▸ **BRIEF**
Print out the data precisely as it appears here, with no pictures.
Top of EXERCISE DATA
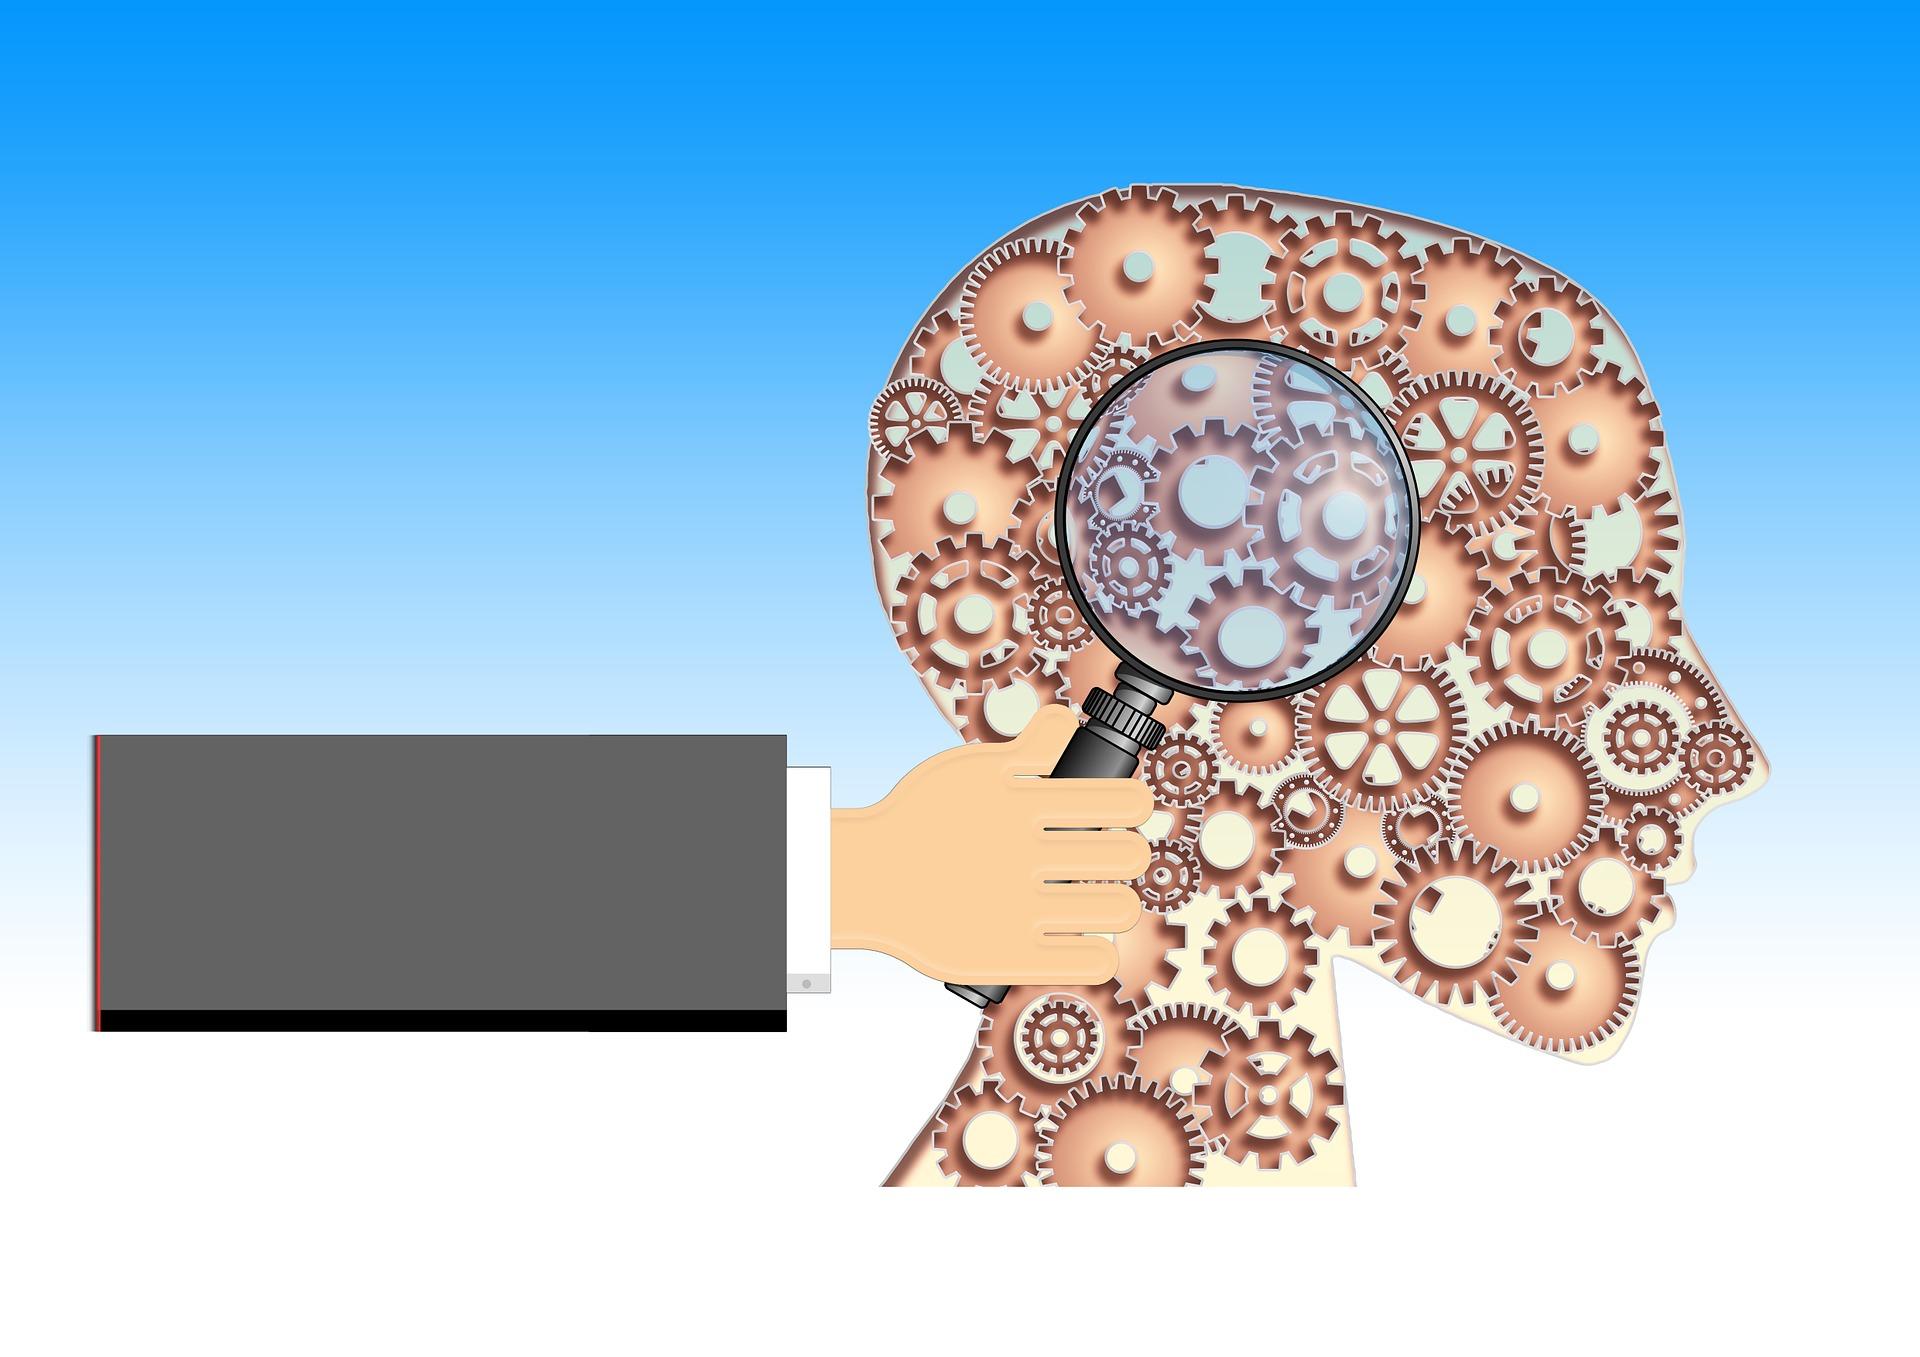 brainhand-982048_1920
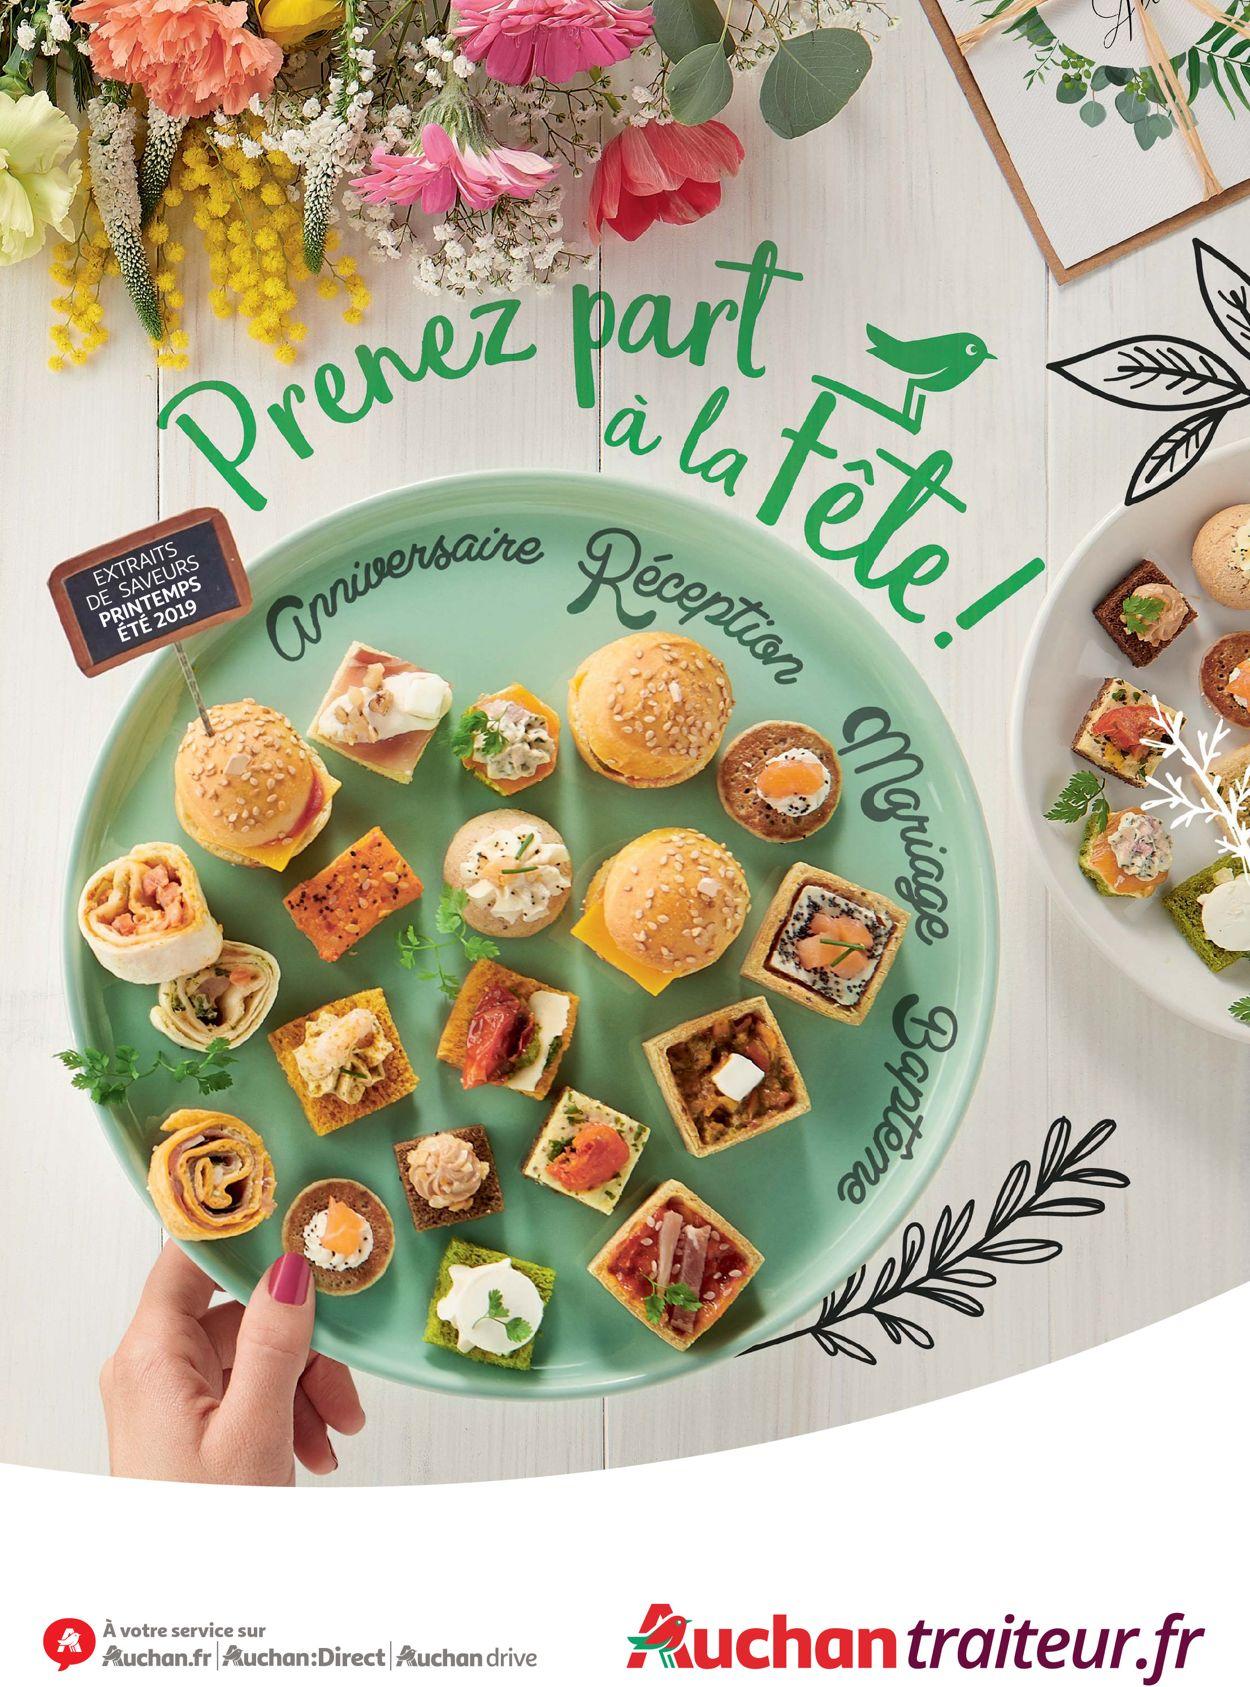 Auchan Catalogue - 01.04-30.09.2019
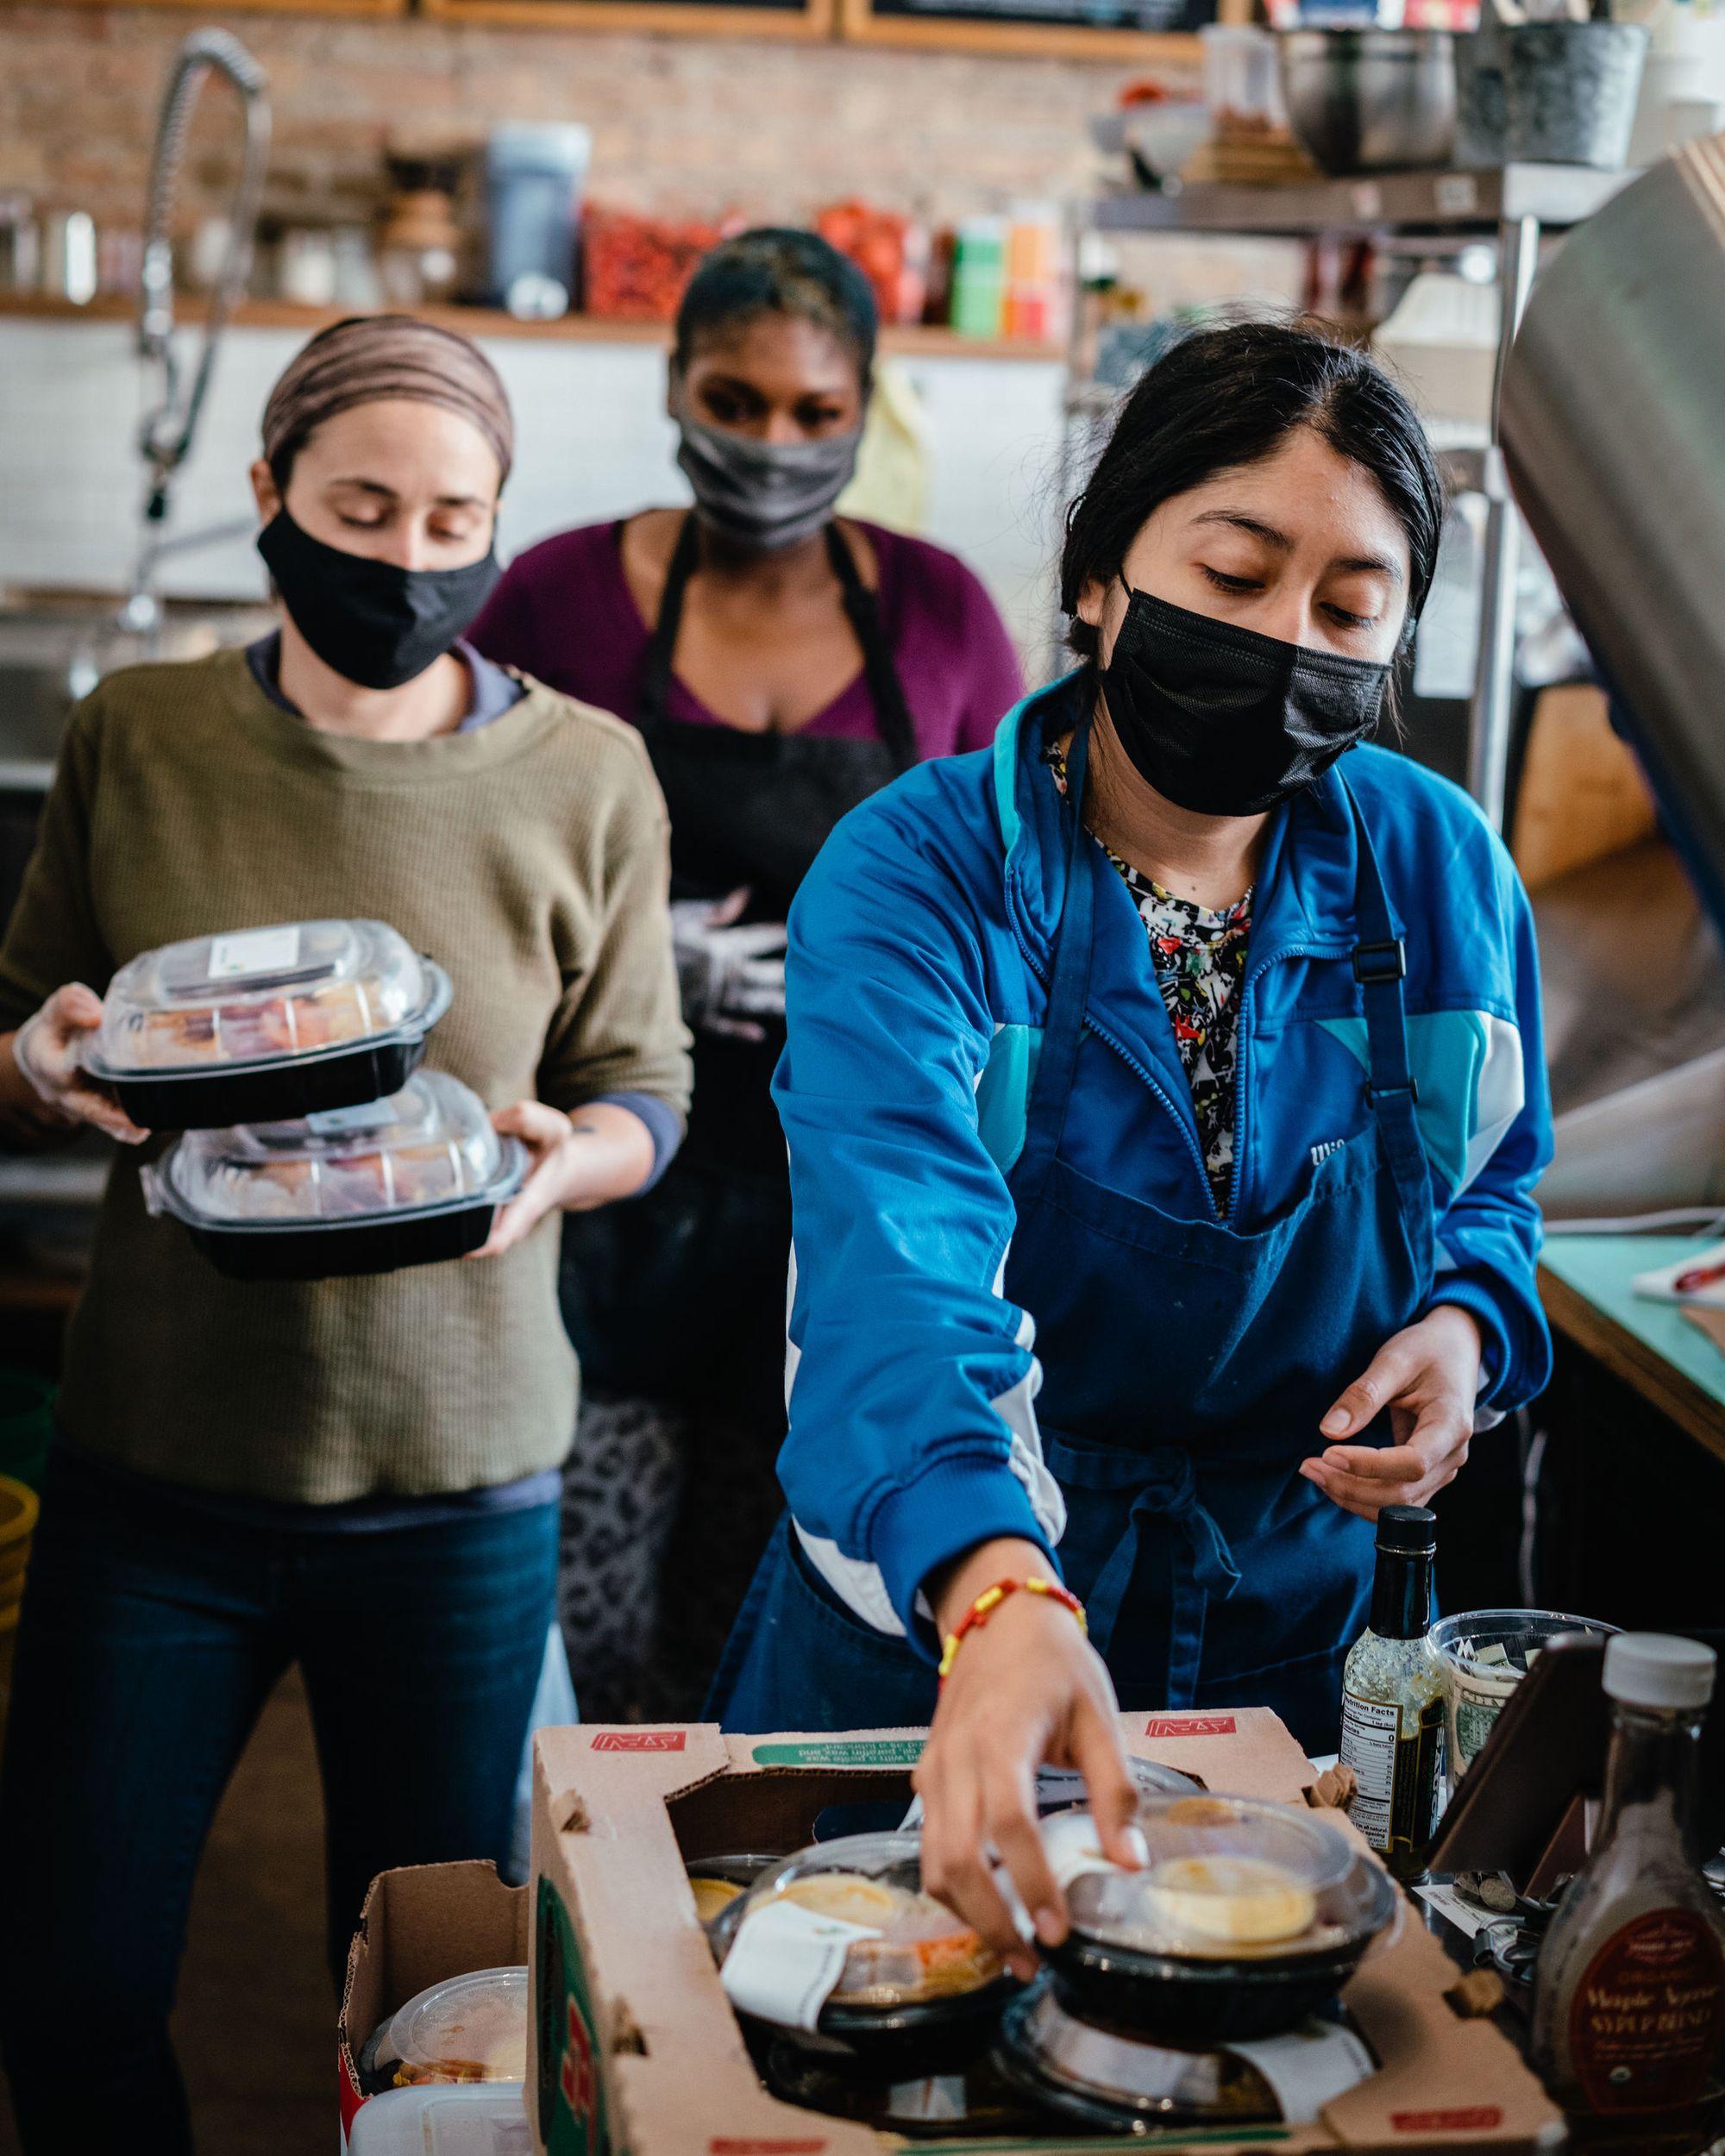 The Love Fridge - Full Circle: Q&A with Alexandra Curatolo/Chef Kymber Steward
Bottom of EXERCISE DATA
▸ **EXPECTED OUTPUT**
 brainhand-982048_1920
 Auchan Catalogue - 01.04-30.09.2019
 The Love Fridge - Full Circle: Q&A with Alexandra Curatolo/Chef Kymber Steward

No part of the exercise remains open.